Я иду по тенистым улицам старого города Тюмени в направлении своего места назначения – Тюменского Геологоразведочного треста. Машин – нет. Изредка про цокают по булыжной мостовой местные рысаки, запряженные в повозки. По обеим сторонам улиц под кронами раскидистых клёнов и лип стоят сохранившиеся ещё с дореволюционных времен бревенчатые срубы, вросшие в землю почти до самых оконных наличников с резными ставнями работы старых русских умельцев. Я не тороплюсь. Я весь наполнен чем-то светлым и радостным. И я не тороплюсь с ним расстаться. Наконец, стоящие у ворот две “карротажки” подсказывают мне, что я у цели. Останавливаюсь. Смотрю на ворота. В мою новую жизнь. Там за ними начинается моя новая жизнь. И главное, теперь я могу купить своей крошке балерине целый букет роз. Да, что там букет! Весь прилавок! А еще! А еще, я могу жениться! Впрочем, нет! С этим пока подождём! Пусть сначала покорит Большой. А я тем временем открою пару месторождений УВ! Это были смутные времена в геологической службе Тюмени. Идёт борьба кланов геофизиков и геологов. Уезжает в Москву идеолог Тюменских геофизиков умница и интеллигент Юрий Грачев. Происходит слияние Геофизического и Геологического трестов и во главе объединенного Тюменского Геологоразведочного треста встаёт Ю.Г. Эрвье, будущая культовая фигура Западной Сибири и, по словам, страшный матершинник. Я иду в производственный отдел нового треста получать назначение. Новый Тюменский Геологоразведочный трест тогда располагался на улице Республика 22 или что-то вроде этого.
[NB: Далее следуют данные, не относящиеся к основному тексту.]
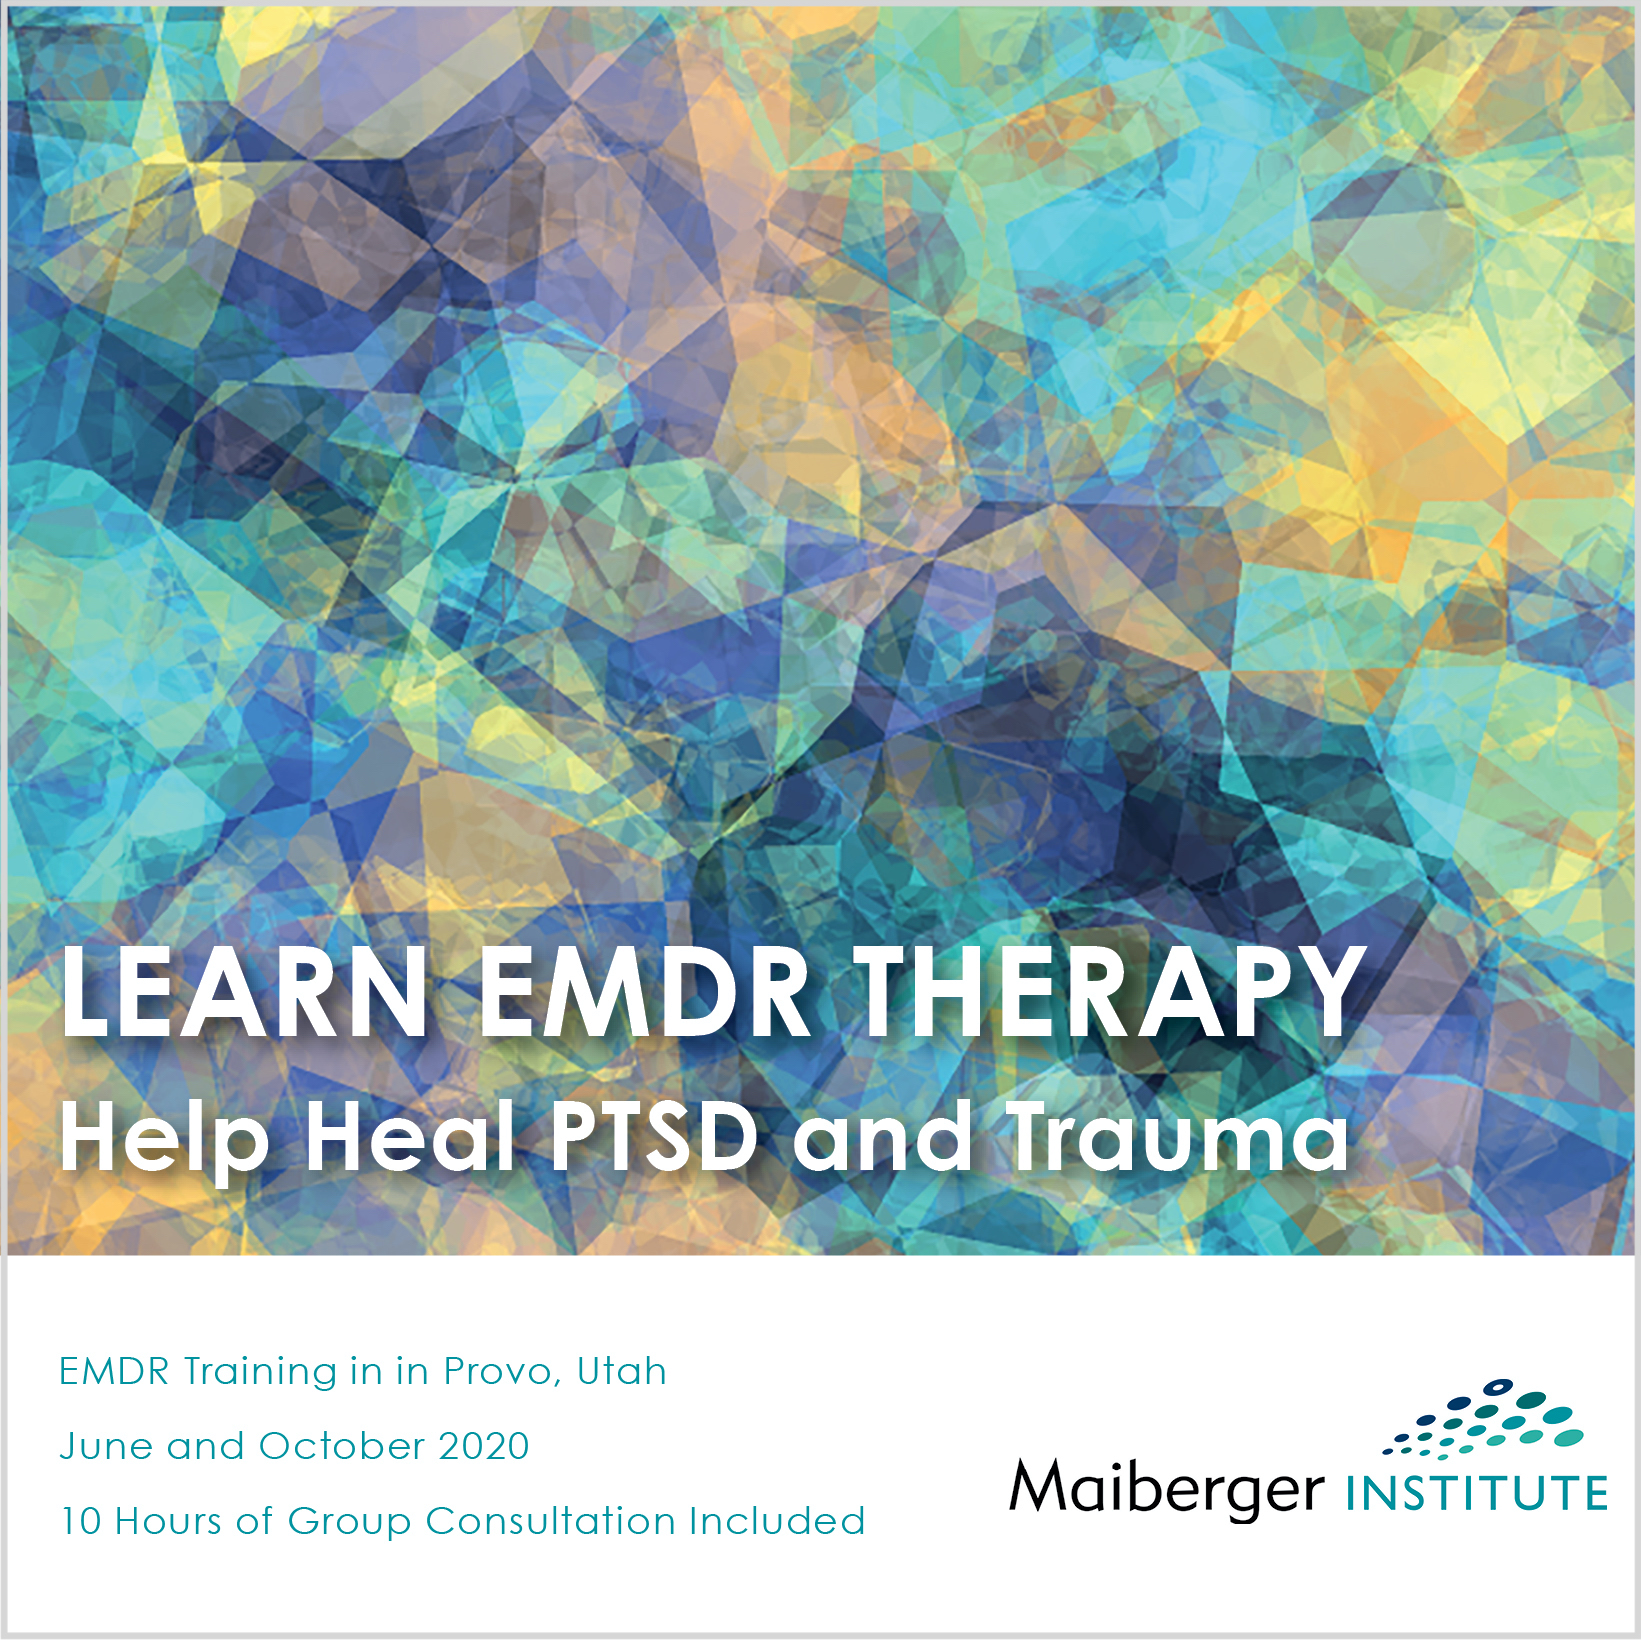 EMDR Training in Provo, Utah June and October 2020 Maiberger Institute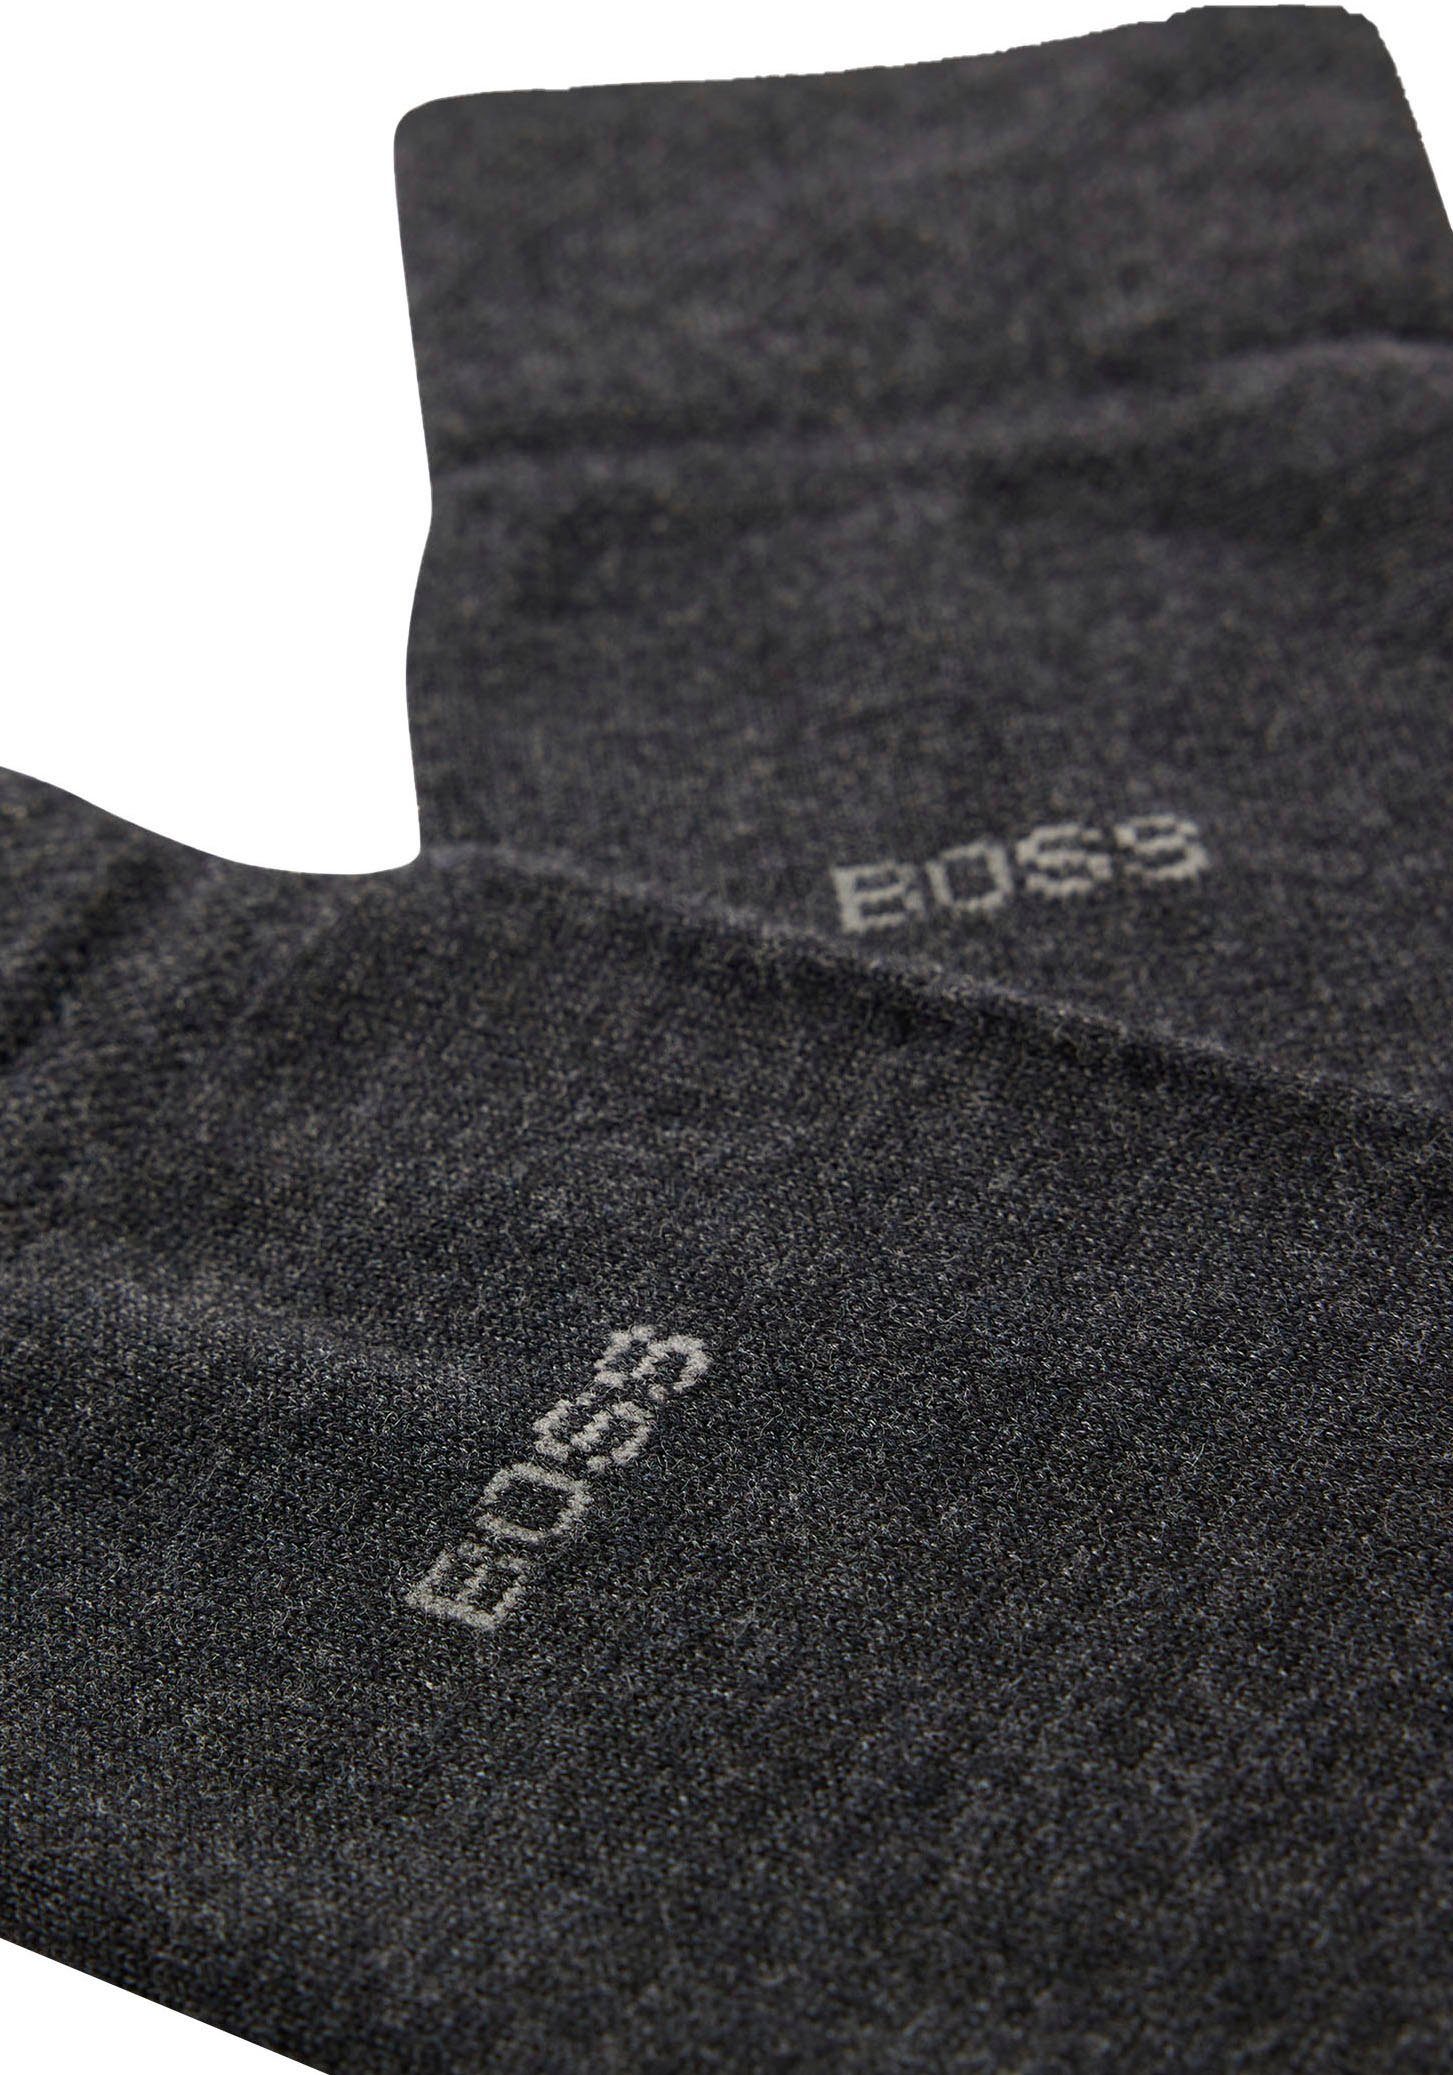 BOSS mit Black012 (Packung) VI Edward dezentem Logo-Schriftzug Gentle BOSS Businesssocken RS

Вообще, эта улица была настолько популярна в Западной Сибири, что я, в конце концов, понял, что это просто потаённая голубая мечта западных сибиряков о своей Западносибирской Социалистической Республике. В производственном отделе треста мне сразу предлагают место интерпретатора в Ханты-Мансийской сейсмической партию или c/п, но мне в с/п нужно было только место полевого оператора. Беседовавшие со мной за длинным полированным столом бывалые геофизики громко расхохотались прямо мне в лицо. Затем снова посмотрели на меня с любопытством и начали внимательно изучать меня. Да знаю ли я, безусый московский хлыщ, что такое зимние полевые сейсмические партии в Сибири и место оператора в таких партиях! * Это – когда пьяные трактористы таранят жилые балки. * Это – когда подрываются и взлетают на воздух взрывники.
* Это – когда горят балки с сейсмостанциями и с людьми.
*Это – когда зимой на переправах тонут трактора вместе с трактористами.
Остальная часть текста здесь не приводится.